Arms & Interventions
Sirolimus
Single arm using Sirolimus 0.8 mg/m2 per dose twice daily, Liquid form (1mg/ml) Length: 12 cycles of 28 day cycles
Intervention: sirolimus
Outcomes
Primary Outcomes
Overall Response by Radiologic Evaluation, Quality of Life Assessment, and Functional Impairment Score
Time Frame: 12 months
Measures were determined by 3 distinct methods: radiologic evaluation, functional impairment score (clinical measurement of disease), and health-related quality of life. (HRQOL). The most common radiologic evaluation was MRI but other studies including CT and X-rays were included. HRQOL was assessed using the Pediatric Quality of Life Inventory 4.0 (3-18 years) ad infant Scales (\< or = to 2 years) and the Functional Assessment of Chronic Illness System (\> 18 years). Third method was the functional impairment score which was adopted from the measure of organ function that have been validated in the quantification of adverse even results from medical therapies and procedures. Patients needed to have complete response, normalization in quality of life and functional impairment score to have a complete response. In order to have a partial response they needed to have improvement in all three areas of assessment and not worsening of any others.

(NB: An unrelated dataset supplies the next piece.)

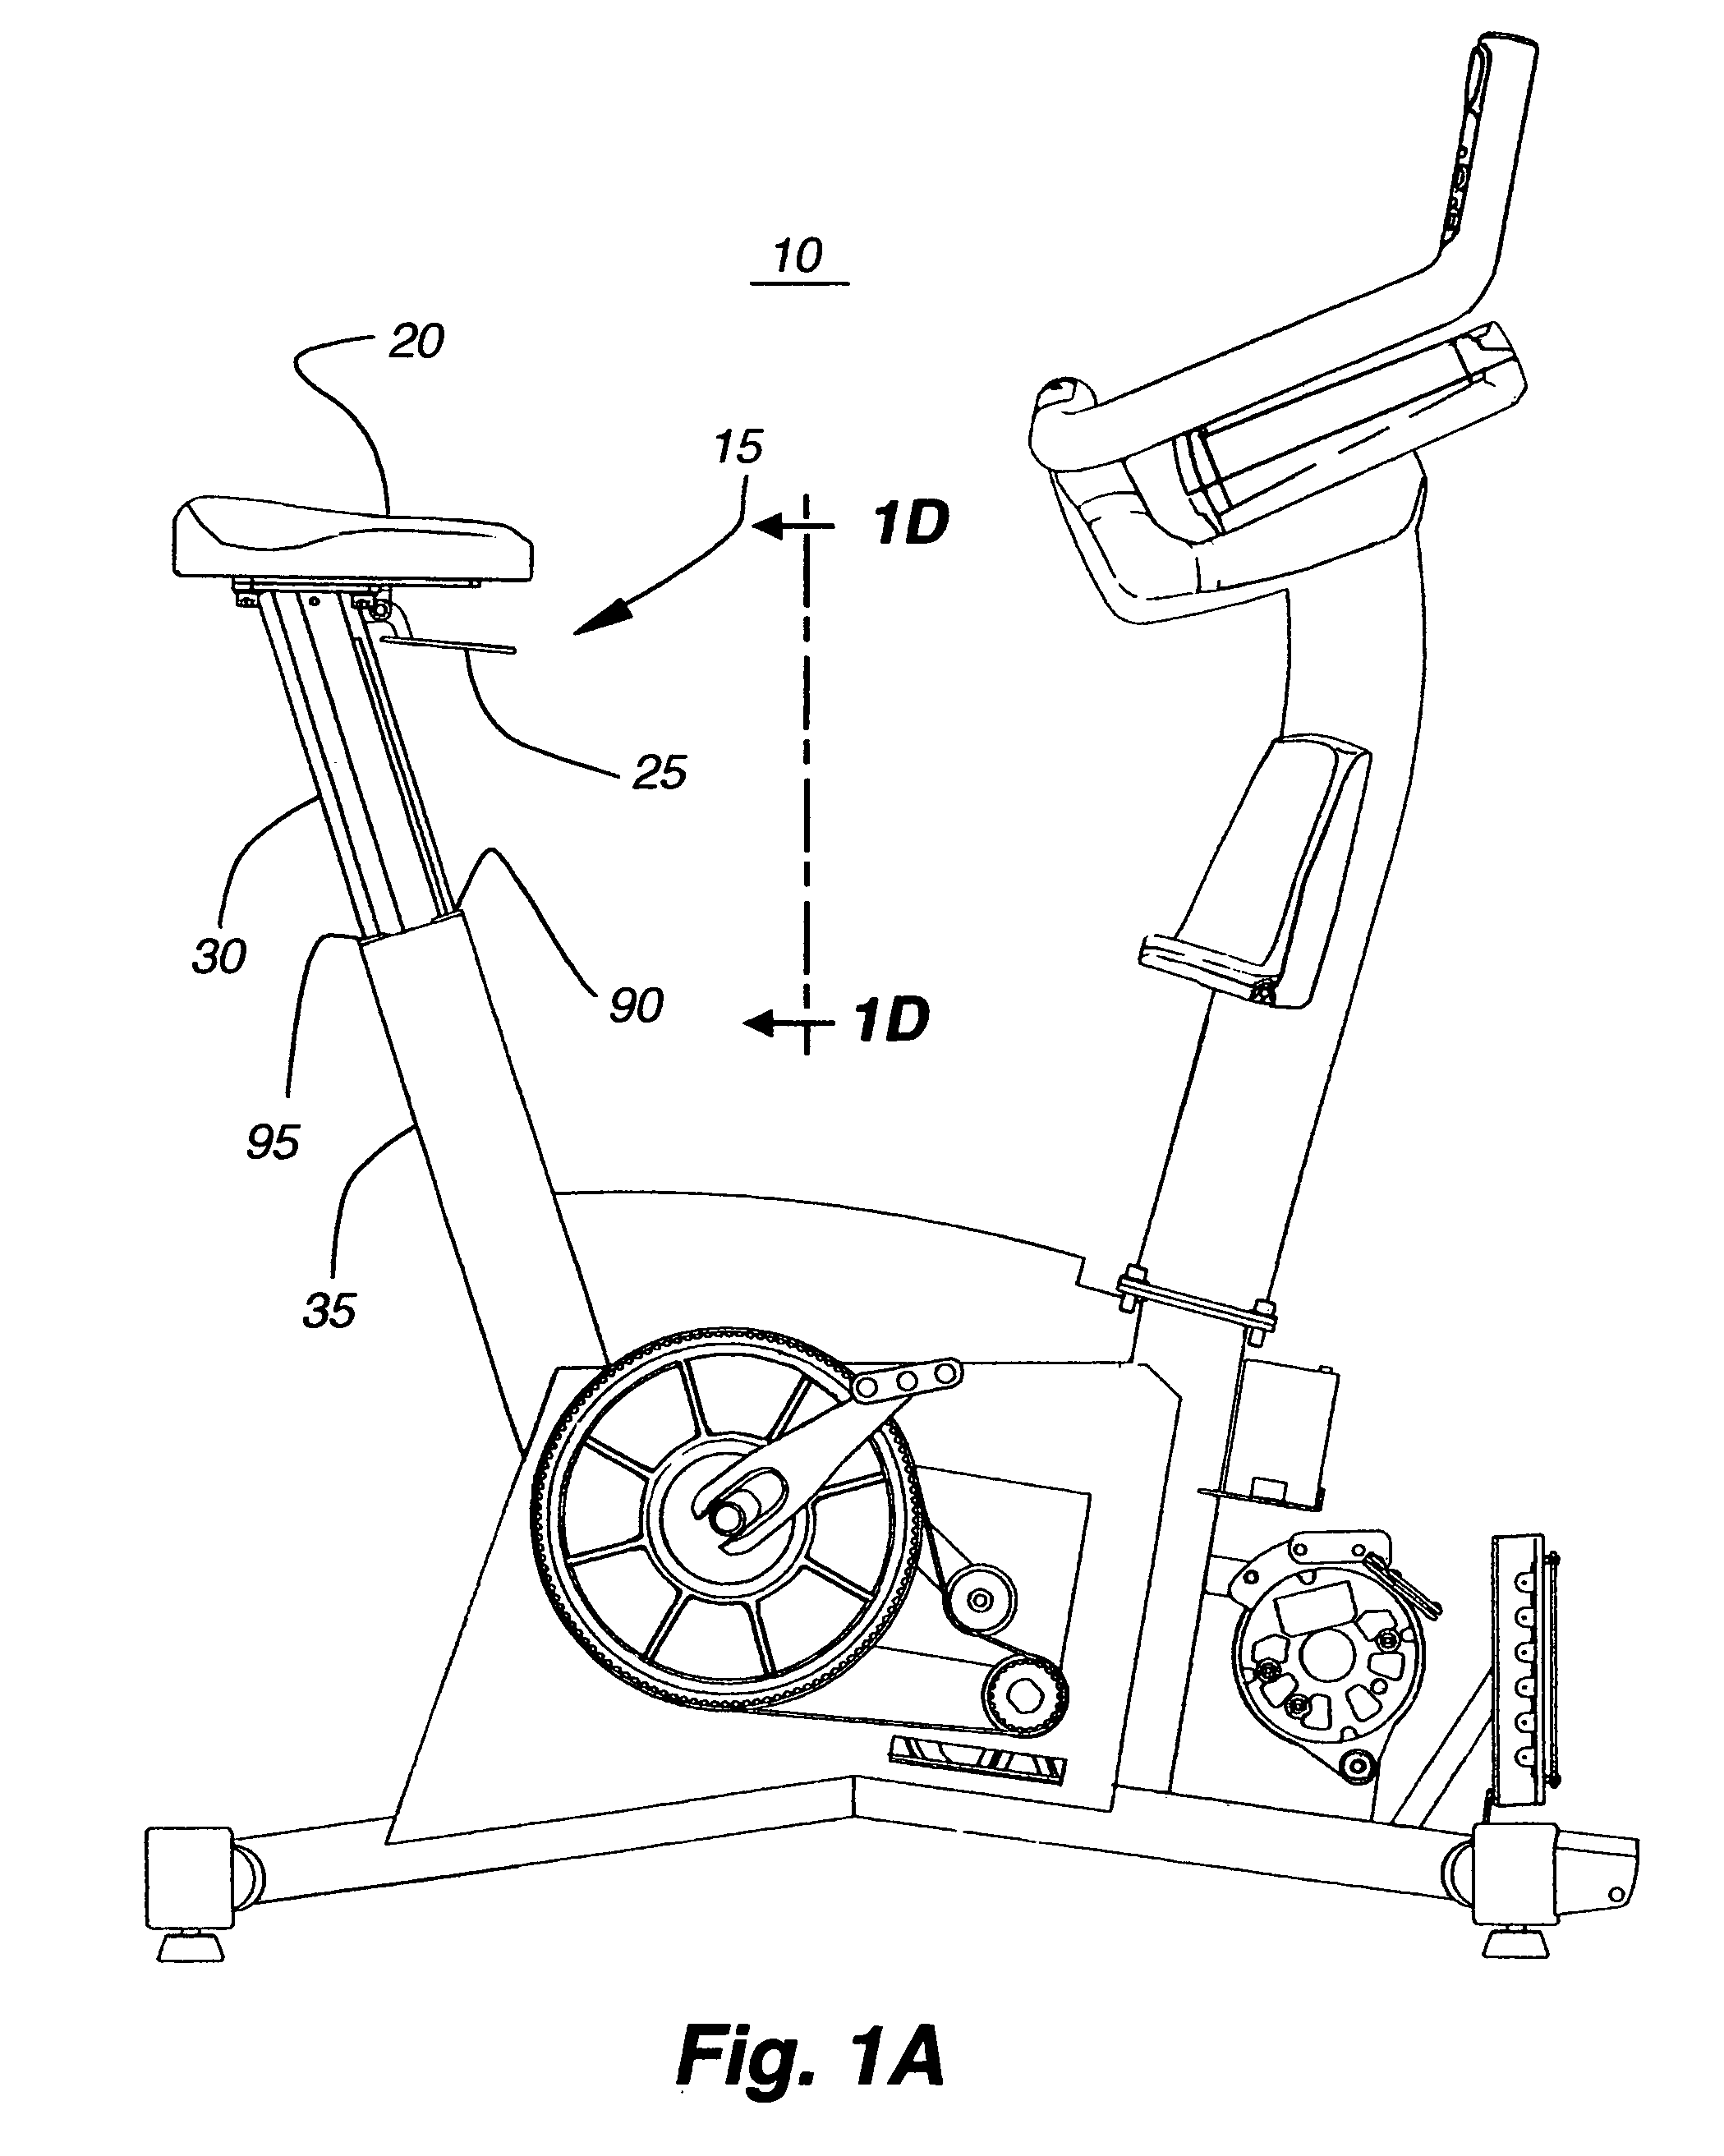 Mechanism and method for adjusting seat height for exercise equipment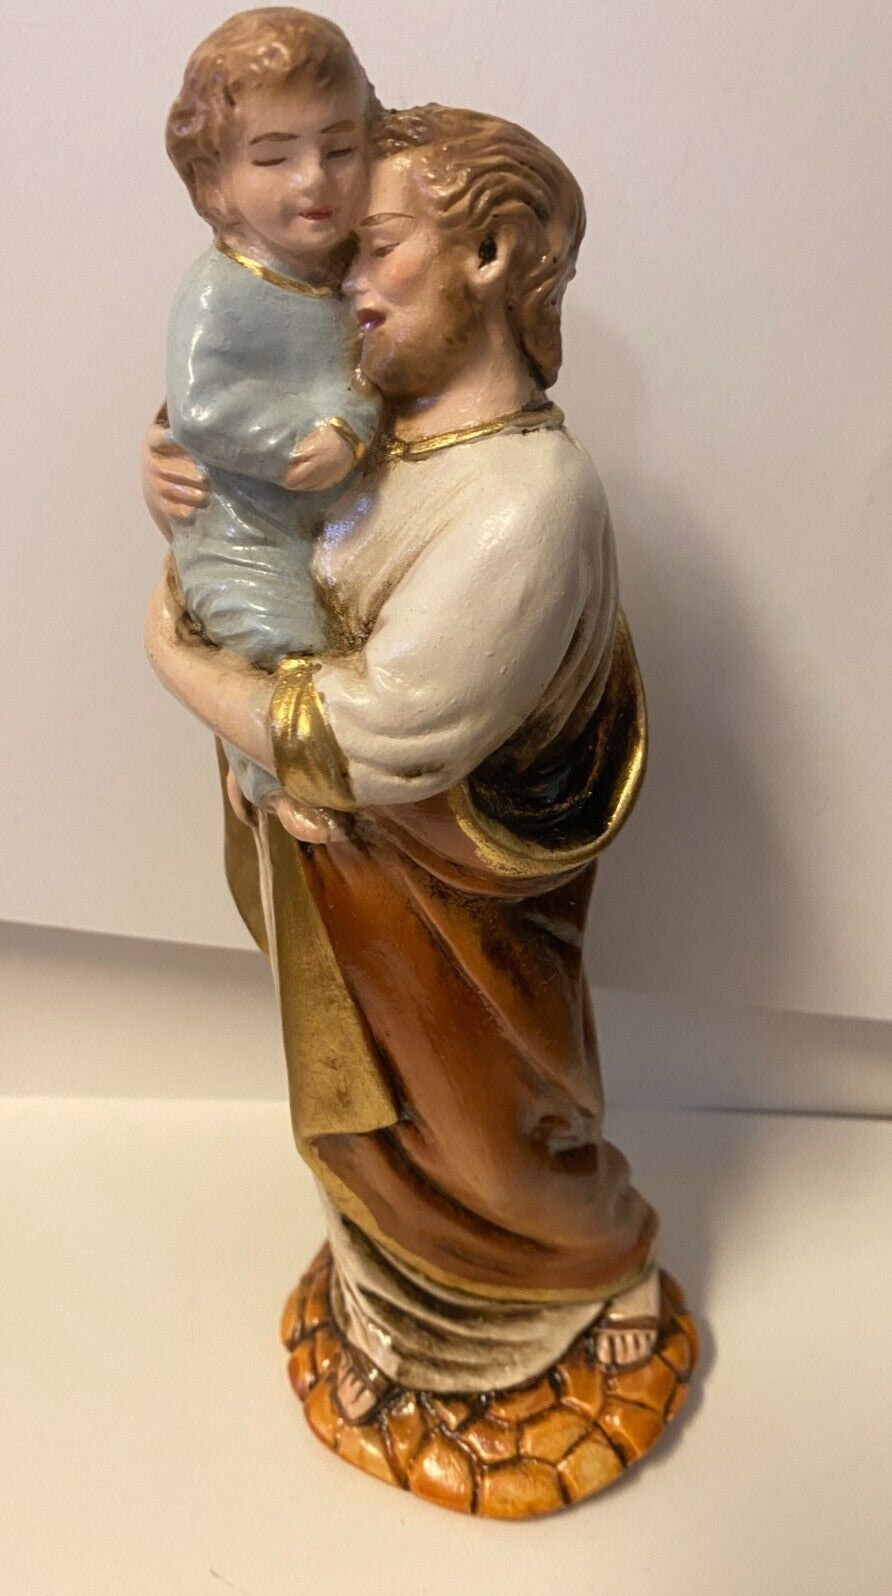 Saint Joseph with Child "A Father's Hug", 7.25" Statue, New from Colombia - Bob and Penny Lord

Overall Response by Radiologic Evaluation, Quality of Life Assessment, and Functional Impairment Score
Time Frame: 6 months
Measures were determined by 3 distinct methods: radiologic evaluation, functional impairment score (clinical measurement of disease), and health-related quality of life. (HRQOL). The most common radiologic evaluation was MRI but other studies including CT and X-rays were included. HRQOL was assessed using the Pediatric Quality of Life Inventory 4.0 (3-18 years) ad infant Scales (\< or = to 2 years) and the Functional Assessment of Chronic Illness System (\> 18 years). Third method was the functional impairment score which was adopted from the measure of organ function that have been validated in the quantification of adverse even results from medical therapies and procedures. Patients needed to have complete response, normalization in quality of life and functional impairment score to have a complete response. In order to have a partial response they needed to have improvement in all three areas of assessment and not worsening of any others.